Portfolio companies will need equity to stay afloat, prompting GPs to request money from their investors. At the same time, fewer companies are being sold, so LPs won’t be receiving proceeds from exited investments.
For certain categories of limited partners, other cash constraints could limit their ability to invest. As one example, Cooney points to hospital endowments, which have grown in recent years and increased their commitments to private equity. But treating cases of COVID-19 has tapped hospitals’ resources and curtailed more lucrative medical procedures. With uncertainty around expenses, their endowments might pull back on investment activities.
Fortunately, LPs that previously committed to private equity funds but now need cash can turn to the secondaries market, where investors sell stakes in PE vehicles. According to reporting from Private Equity International, transaction volume in the secondaries market reached a record-high $80 billion in 2019. The market has grown dramatically over the last several years, presenting cash-strapped LPs with an option not widely available in the past.

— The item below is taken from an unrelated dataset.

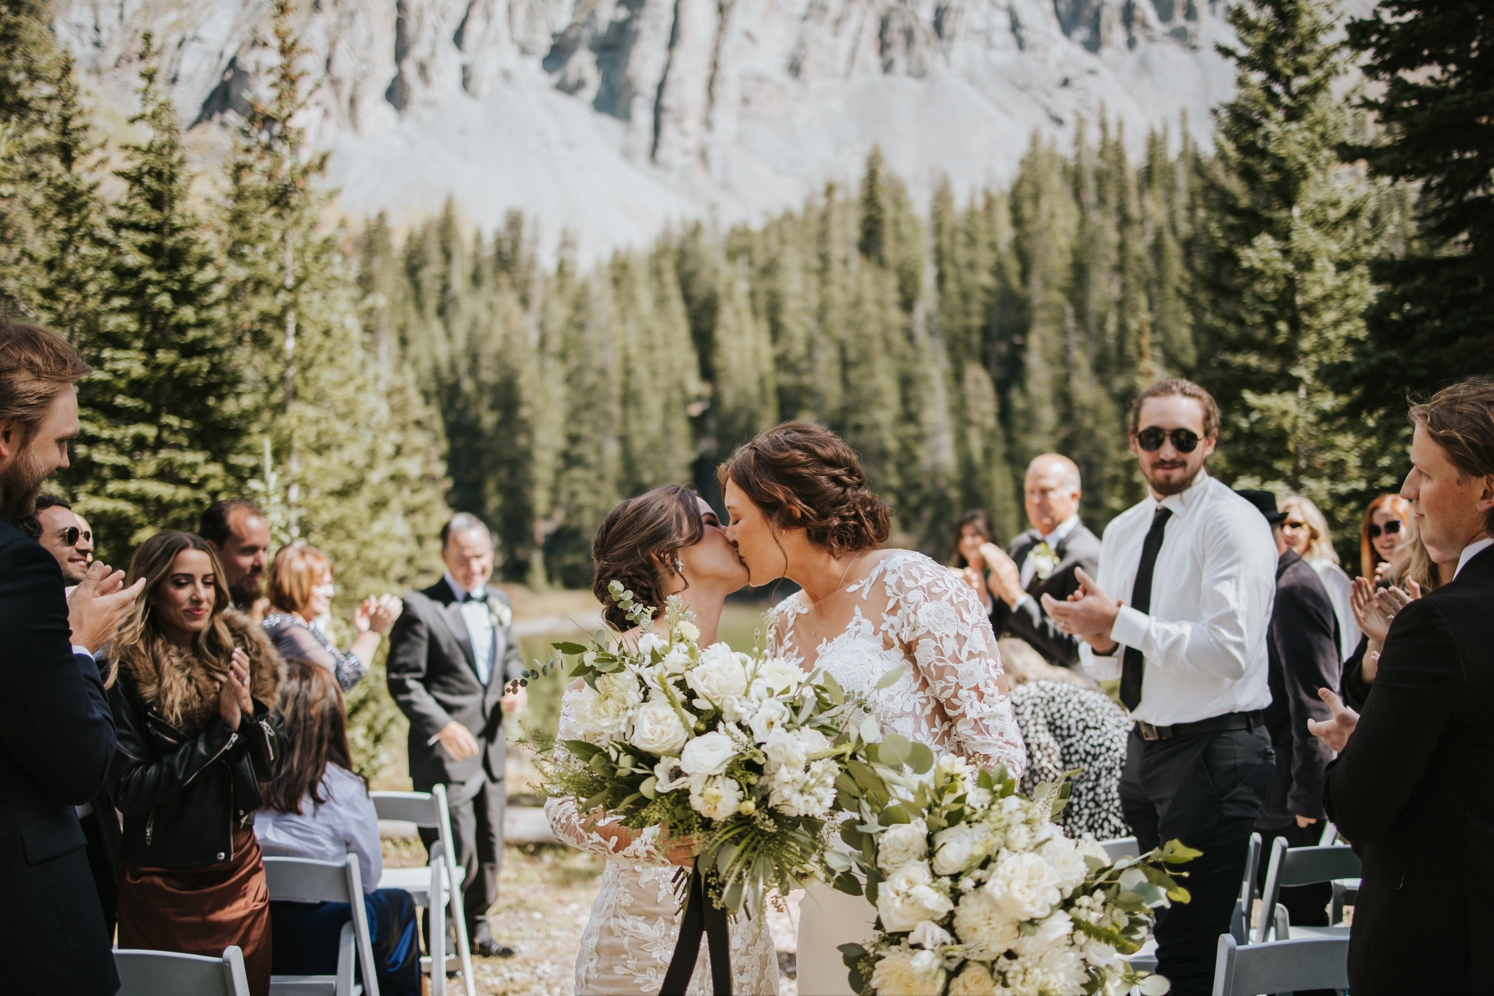 Brides kissing after wedding ceremony in Telluride | McArthur Weddings and Events

“We do believe that, even for liquidity-constrained limited partners, there are avenues to take advantage of that weren’t necessarily there in prior corrections,” Matthews says.
The novelty of this pandemic-induced economic crisis has made forecasting impossible. Rather than predicting the future, LPs are drawing on lessons from the past and making decisions one day at a time.
Kathryn Mulligan is the editor-in-chief of Middle Market Growth.